At this point the builders took fright and refused to replace the stone again so there it remains.

Related posts: Santa Zita

Monday, May 23, 2011

‘Frommer’s Tuscany, Umbria and Florence with your Family’.

This week Le Mura Villa takes the limelight. The Villa hits the bookshelves . A picture of the house taken by one of our lovely guests, Chris Jackson, was chosen to go on the cover of ‘Frommer’s Tuscany, Umbria and Florence with your Family’. The guide is now on sale. Congratulations Chris, your gorgeous son and Le Mura.

Tuesday, May 17, 2011

Cinque Terre

One of the great delights of living in the Lucca area is that we have such varied landscapes. You can go to the high mountains and experience an alpine scene or enjoy the long sandy beaches of the Versilia coast. There are those mediaeval villages full of wonderful undiscovered treasures or our own mini Amalfi coast, Cinque Terre, which is found just over the border in Liguria. This group of haphazard brightly coloured fishing villages are tucked into bays along the craggy coast just east of La Spezia, where Shelley drowned. Each of the five villages has a small port. In the high season tourists swamp these tiny fishing communities but in spring and autumn they can be savoured with their benign climate. The villages were made a National park and Unesco World Heritage site in the late 90’s. 

This winter has been hard and stressful and therefore when two special friends arrived just as our building work finished for the coming season Cinque Terre seemed a perfect day trip on a wonderful bright March morning. The beauty of these villagers is you don’t need a car. You can either take the train from Lucca but it does involve changes or leave the car at the station in La Spezia or Levanto, which is smaller but west of the group of villages. Out of the high season you can also leave the car in Riomaggiore, the first village east of La Spezia. Taking a boat from Viareggio is another option.

All the way along the coast is a train that acts like a local bus. In the summer months there are also ferries. I have never been when the ferries are working.  In March 2011 the ticket options hadn't yet been decided, the Italians don’t believe in planning ahead!  I think the nicest way is to take the train or boat to the furthest village Monterosso and work backwards unless of course you have left your car in Levanto in which case start in Riomaggiore. This means you can mix hiking with riding in the train when younger members start complaining or older joints don’t feel like tackling the steep bits. The flowers and cactus cling to the cliff capturing the perfect image of Mediterranean flora and fauna. If you wish to hike all the way the distances between the villages are between an hour and an hour and half except for the Via d’amore which is a paved walkway between Riomaggiore - Manarola and at points the paths are quite steep. There is a wonderful flight of steps to reach the village of Corniglia, and remember the sun beats down in summer. The village fountains provide wonderful cool water drinking water.

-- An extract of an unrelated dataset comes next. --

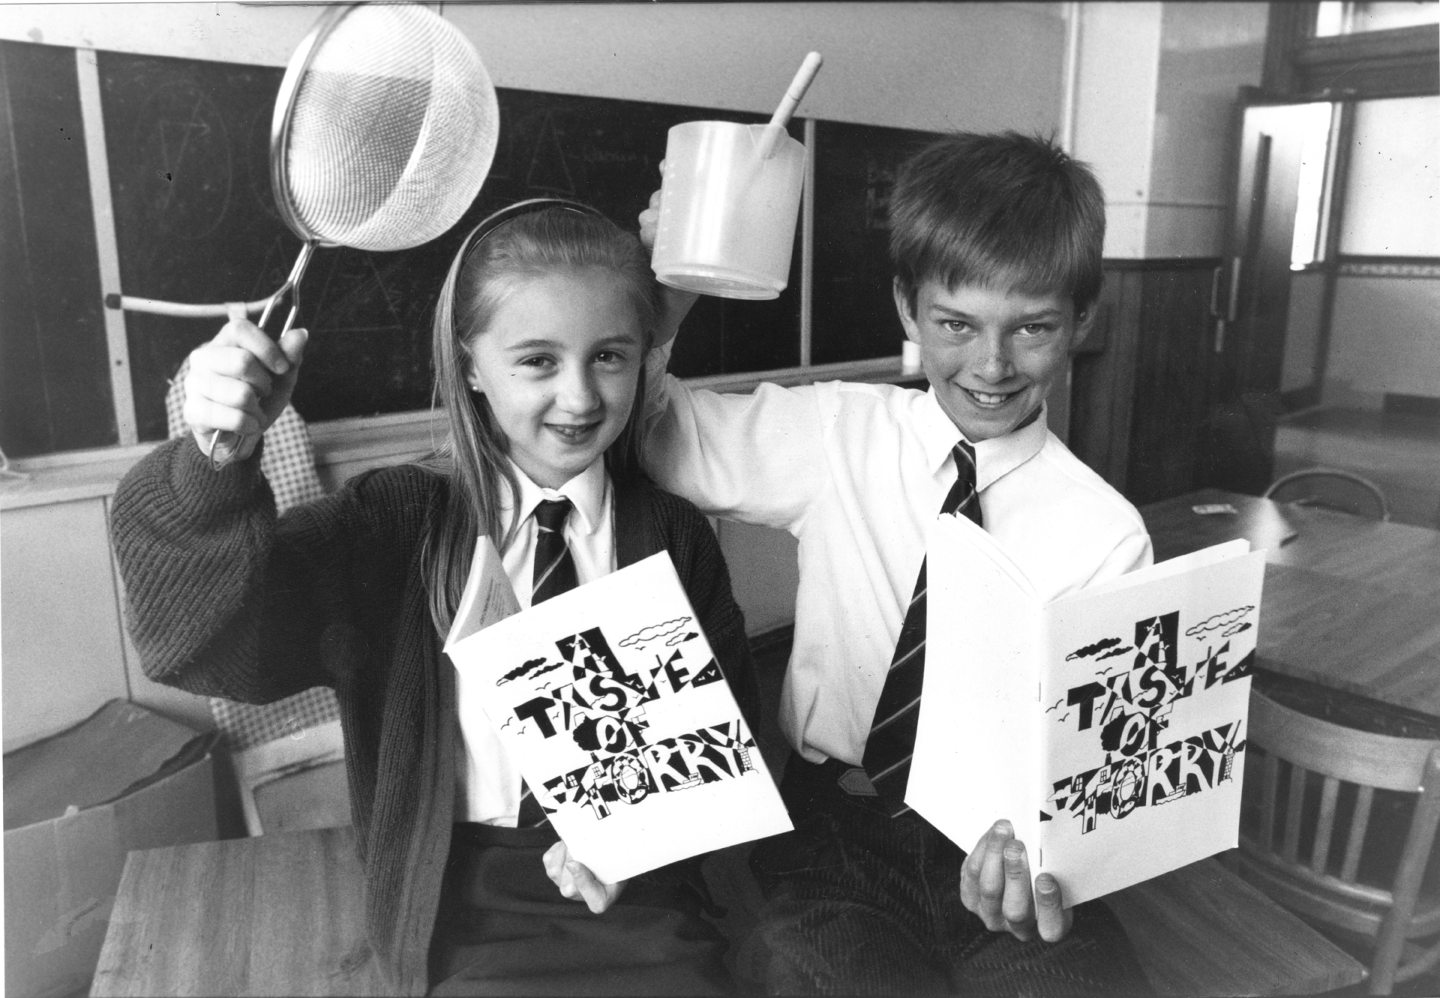 Two Primary 7 pupils at Walker Road, Mandy Vincent and Simon Joss, who cooked up a winning recipe book entitled 'A taste of Torry' in 1992.

My trip however wasn’t about hiking and anyway most of the paths was closed due to winter landslides. Our party just enjoyed soaking up the sun the heat of the sun and looking at the flowers also ambling between the terraces looking at the vines just beginning to burst into bud ready to produce the famous SciachetrĂ  white wine. The grapes are harvested by using a mini monorail which can negotiate the steep terrace. The wonderful fat lemons are used to make limoncello. 

Our lunch was a wonderful local pesto eaten by the waters edge and the lapping blue waves put us in all in relaxed summer mode.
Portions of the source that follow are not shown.